Since Zalando’s earliest days, members of our technology team have been able to use OpenVPN to work anywhere, anytime. Back then (the late 2000s), we had only a single (though state-of-the-art) instance to work with, and a lot of manual maintenance to perform. Last year, in light of a years-long period of explosive growth, our team realized that we needed to build something scalable, fully redundant, and easier-to-maintain for hundreds of users. In other words, our own OpenVPN cluster!
The above diagram illustrates the structure of our new cluster, which I built using typical network models as guides. Achieving greater reliability was the primary goal behind this design, which makes it possible to scale up easily and add as many VPN servers as we need. It’s also easier to add many more IPs. Our team decided to use six servers in order to achieve site reliability and redundancy in each side. For better scaling, we put the servers behind a load balancer for the external datacenters (DC1 + DC2). The internal servers (DC3) are not load-balanced because they are running on high-availability hosts. The config looks like this:
remote 10.1.1.1 1194
remote 10.1.1.2 1194
remote 184.108.40.206 1194
remote 220.127.116.11 1194
On the server, the user config is very simple — we only add the IP address:
vpnXX:/etc/openvpn/ccd# cat username
ifconfig-push 192.168.178.10 192.168.178.9
The rest of the config is similar for all the servers in the cluster:
# some encryption hardening
push "topology net30"
port XXXXX #chose your port
key keys/XXX.key # This file should be kept secret
ifconfig 192.168.178.1 192.168.178.2
keepalive 3 10
management x.x.x.x port
push "dhcp-option DNS 18.104.22.168"
push "dhcp-option DOMAIN <whatever>"
push "route 22.214.171.124 255.255.255.255"
push “route X.X.X.X Y.Y.Y.Y”
Our configuration offers the same IP to the user every time, which greatly simplifies rule setting. However, a new problem arises in such a cluster design: Basically, the network in the datacenter is forced to know which server the user is currently logged on. To handle cases like these, we’ve created two simple scripts in case the cluster can self learn where the user is login. route_add.sh will add the logged-in user using a static route to the VPN server; route_delete.sh will remove it after logout. Two examples:
if [ ! -z "$ifconfig_pool_remote_ip" ]; then
ip route add "$ifconfig_pool_remote_ip" dev $dev
ip route add "<IPv6>::$ifconfig_pool_remote_ip" dev $dev
ip route del "$ifconfig_pool_remote_ip"
After adding the route to the server’s routing table, the only necessary thing to do is to announce it. We use a dynamic routing protocol in the backend of our datacenter, and Quagga on every VPN server to announce the routes. Depending on your infrastructure, you can use one of the preferred routing protocols: Routing Information Protocol (RIP), Border Gateway Protocol (BGP) or Open Shortest Path First (OSPF).

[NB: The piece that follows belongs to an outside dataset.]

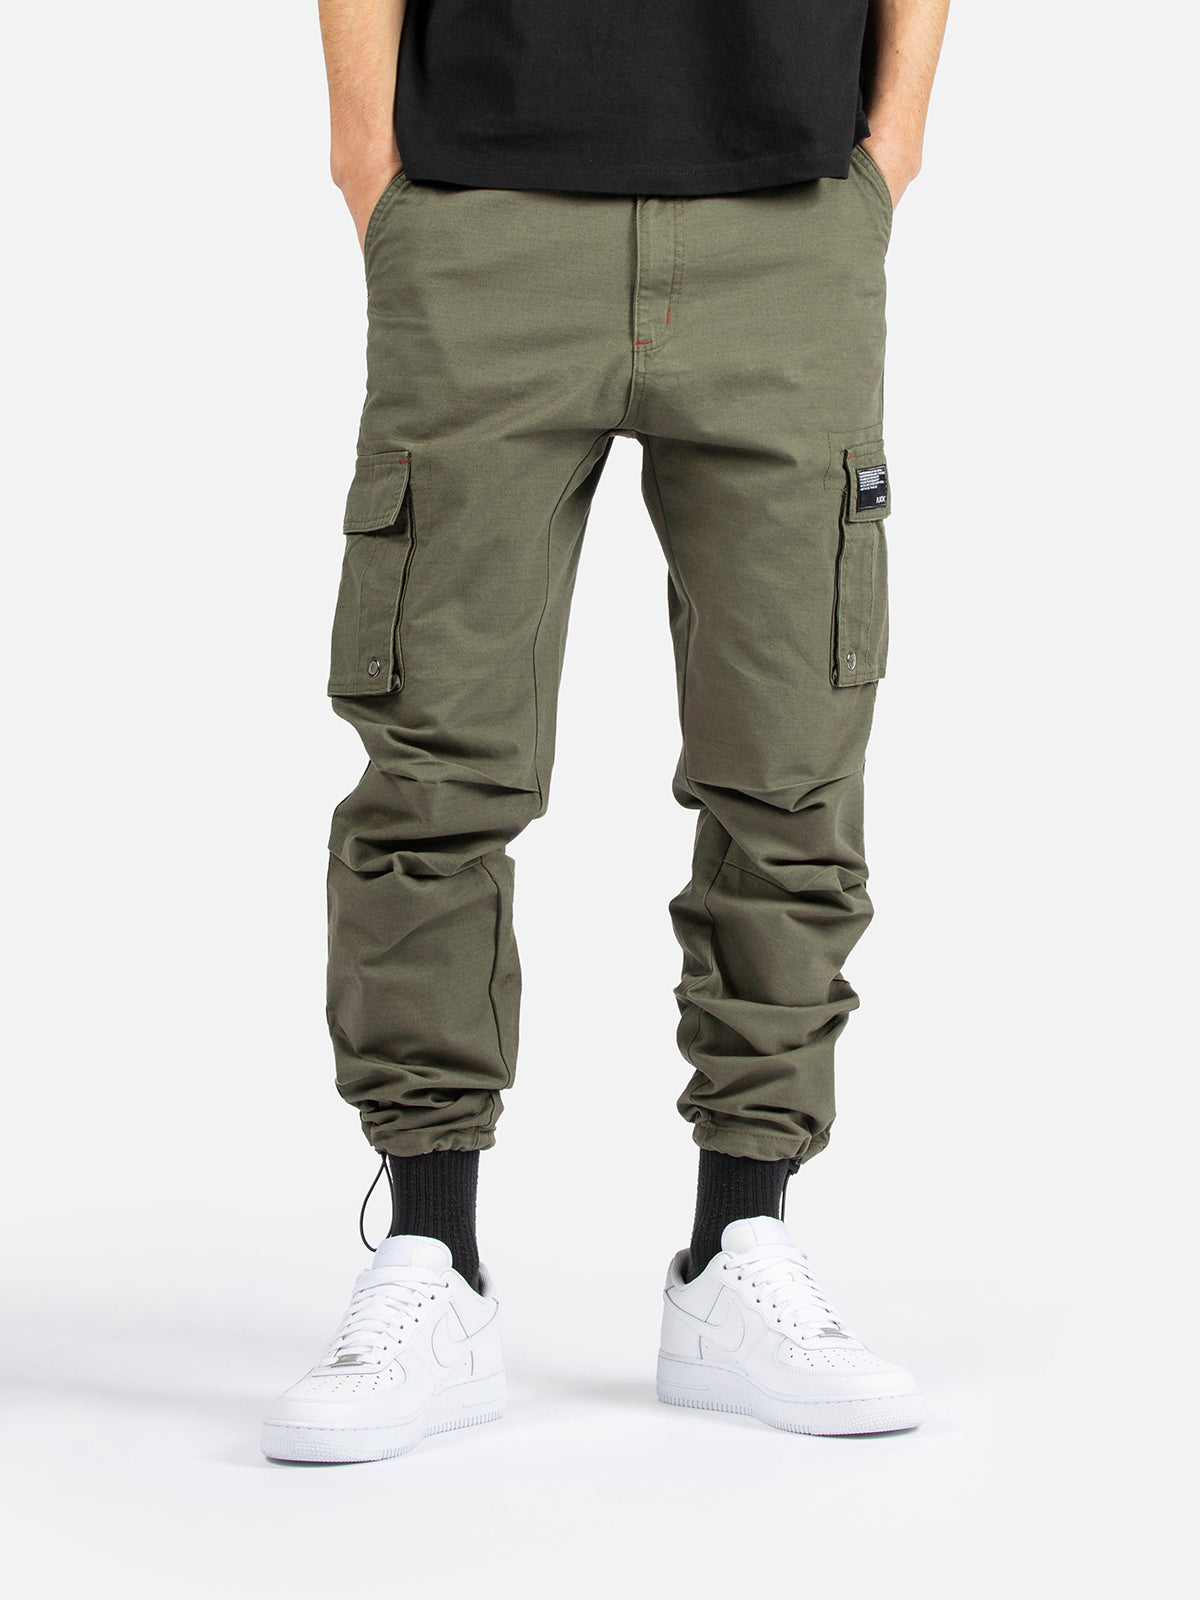 C9 | Blacktailor Pants – Cargo Green - BLACKTAILOR

It’s important to activate routing on the VPN server. You can do this by typing:
echo 1 > /proc/sys/net/ipv4/ip_forward
redistribute connected # this is the important line
network X.X.X.X area 0.0.0.0
area 0.0.0.0 authentication message-digest
The user can log on and off to every server, and the IP address will be announced to the entire network.

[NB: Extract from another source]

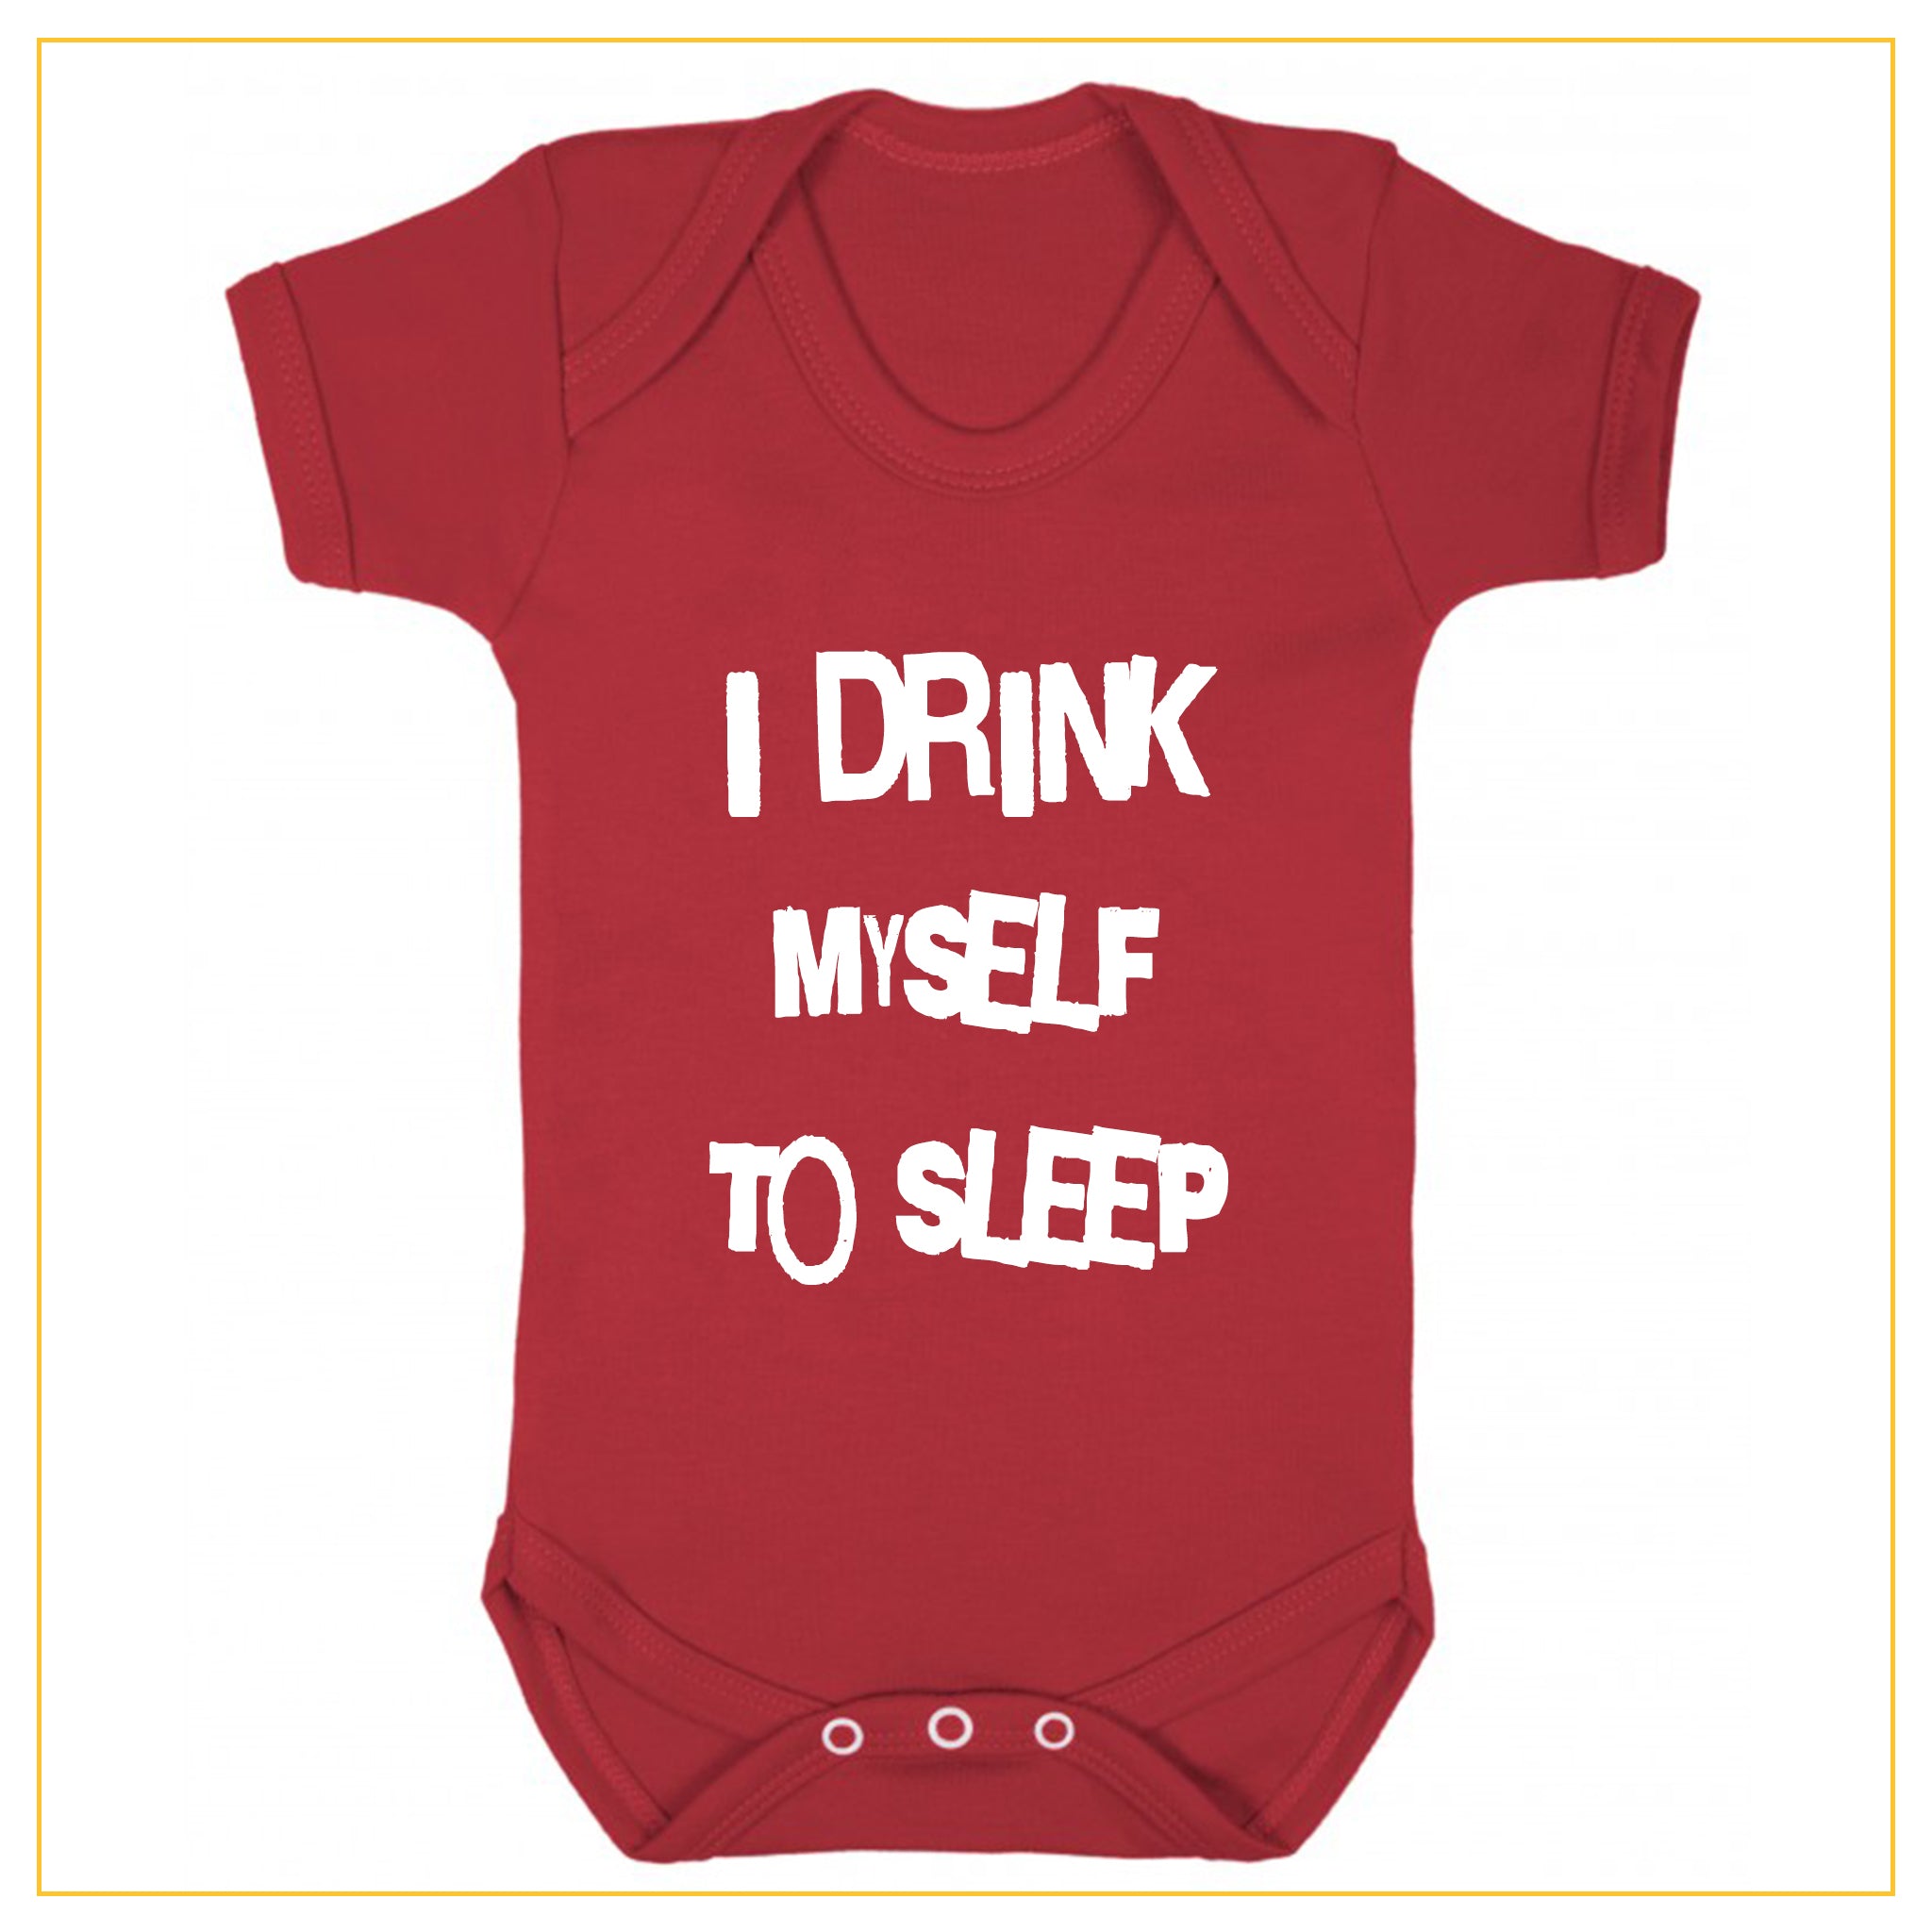 I drink myself to sleep baby onesie in red

For security and access control, we chose to use Firewall Builder, an open-source iptables manager that allows us to build a ruleset and install it on all servers in the cluster simultaneously. Since making improvements to our user management system earlier this year, we’ve reduced the complexity of iptables from hundreds of rules/10,000 lines to 50 rules and a more viewable interface.
With this set up, we have about 800 users (150 in parallel) and haven’t faced any performance issues at anytime, from anywhere!